Я не был знаком с характером этой организации; равным образом я тогда мало
знал и о масонстве вообще, но почему-то -- почему именно, теперь уже не
припомню -- сразу понял, что речь идет о масонской ложе и тотчас же выразил
свое согласие".
Для понимания этого рассказа необходимо знать, что изложенный разговор
шел между двумя депутатами Государственной думы, принадлежавшими, правда, к
различным партиям ее левого сектора (X входил в социал-демократическую
фракцию, NN был членом фракции конституционных
демократов), но сравнительно много сталкивающимися между собой в
процессе думской работы, ведшими и ранее политические беседы и вообще
довольно хорошо знавшими друг друга лично. Рассказчик не мог вспомнить с
уверенностью, обсуждался ли в их прежних разговорах вопрос о согласовании
действий партий левого крыла Государственной думы, но он помнил, что такие
разговоры в то время были очень обычны, так что более чем вероятно, что они
велись и между рассказчиком и его собеседником (если так, то, по-видимому,
они показали его NN как человека, подходящего по настроениям для масонской
организации). Во всяком случае очень характерно, что никаких колебаний у
рассказчика не появлялось, принципиальное согласие на свое вступление он дал
сейчас же -- это говорит о том, насколько ощутительна была в то время
потребность в таком объединении, расчет на каковую был, как уже сказано
выше, основным в планах реформаторов русского масонства.
Приблизительно в подобных же чертах изображают предварительные
переговоры о вступлении в масонскую организацию и все известные мне рассказы
других масонов об их вступлении в эту организацию -- такие рассказы мне
известны не только о Петербурге, но и о провинции. Надо только добавить, что
обычно в этой беседе бралось обязательство никому не рассказывать уже об
этих предварительных переговорах и давались некоторые советы о предстоящих
при приеме "испытаниях", о необходимости подготовиться к вопросам анкеты,
которые придется заполнить, и т. д.
Намеченный таким образом кандидат, после того как предварительные
переговоры с ним бывали признаны закончившимися удовлетворительно,
приглашался прийти в то место, где должен был состояться его официальный
прием.
Обстановку этого последнего рассказы масонов рисуют в следующих чертах.

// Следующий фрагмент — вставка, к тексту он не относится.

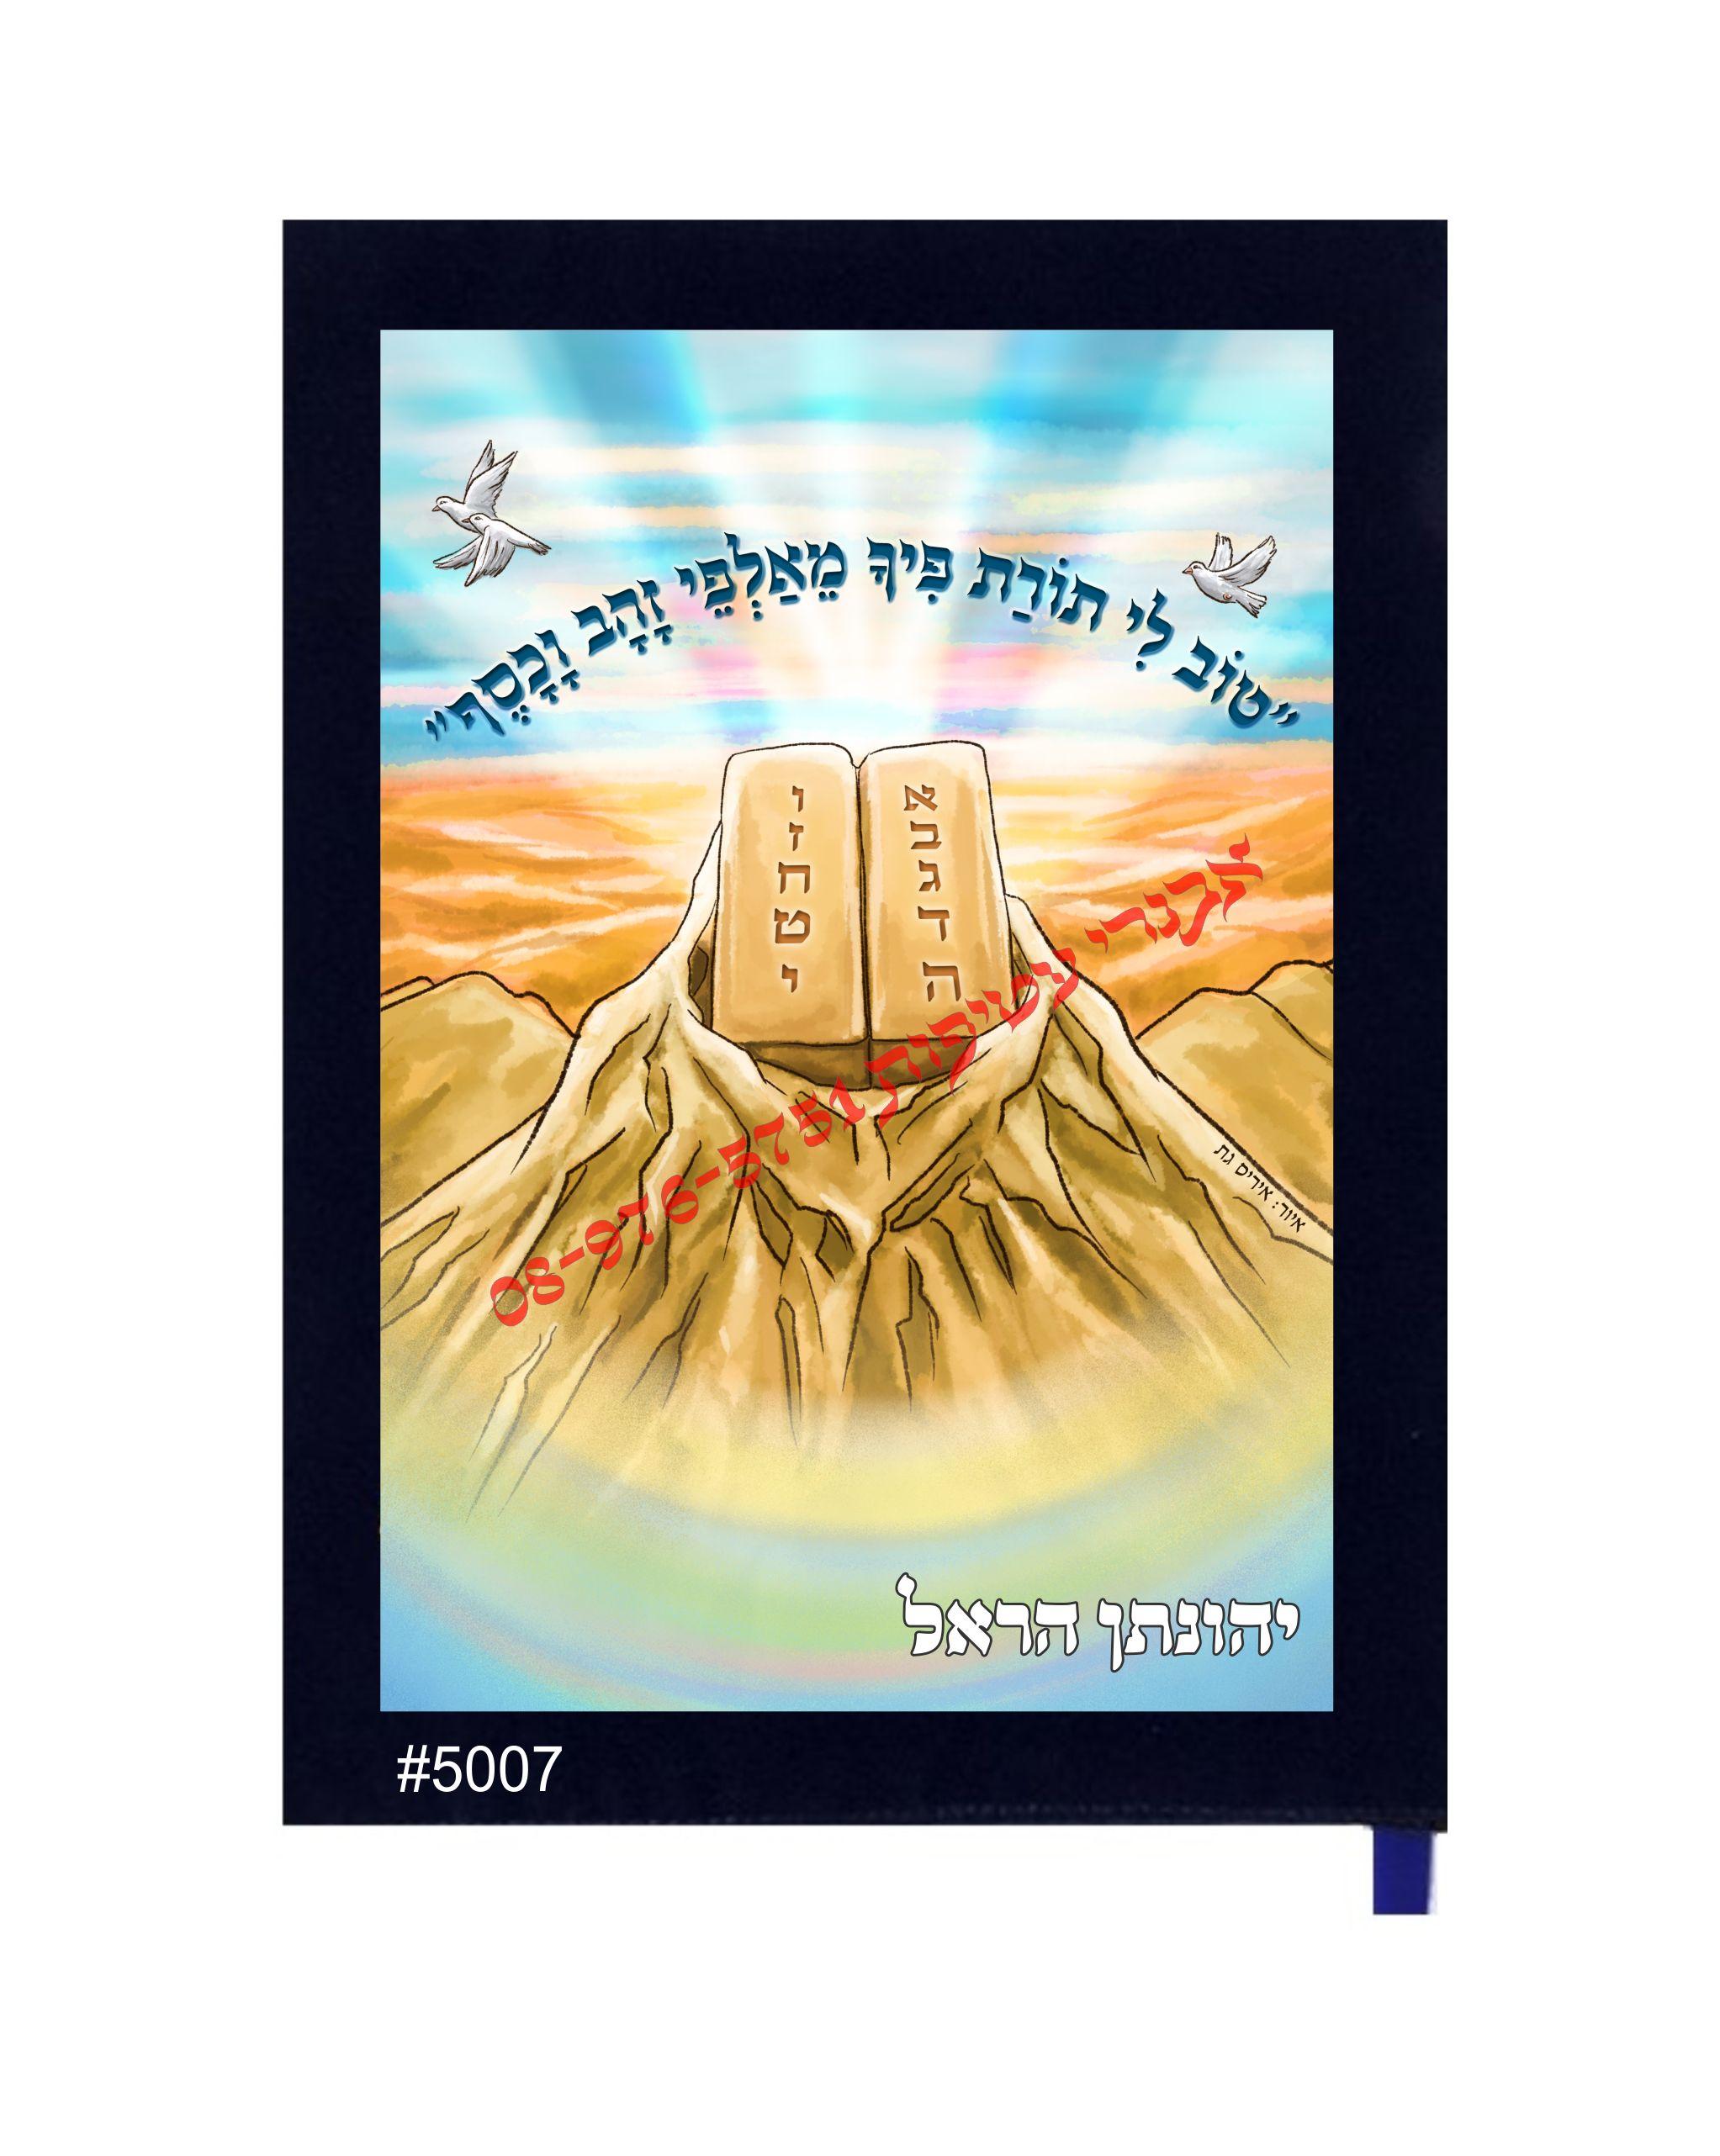 עטיפות לחומש בראשית דגם מרהיב של מעמד מתן תורה- לוחות הברית מרובעות

На назначенной квартире намеченного кандидата встречало то самое лицо,
которое вело с ним предварительные переговоры (на языке масонов его звали
"рекомендующим братом"). Кандидата вводили в отдельную комнату, где
"рекомендующий брат" давал ему анкетный лист с рядом вопросов, ответить на
которые кандидат был должен, и
оставлял его на некоторое время одного. Найти экземпляр этого анкетного
листка мне не удалось, равно как не удалось и восстановить полный перечень
стоявших в нем вопросов. Но общий характер его достаточно характеризуется
теми обрывками, которые сохранились в памяти лиц, рассказывавших мне о своей
масонской деятельности. Судя по этим рассказам, в анкете стояли следующие
вопросы (редакция их была, конечно, иная -- я передаю только смысл их):
Как Вы относитесь к семье?
Как Вы смотрите на задачи человеческого прогресса?
Ваш взгляд на религию?
Какие пути и методы международных отношений Вы признаете?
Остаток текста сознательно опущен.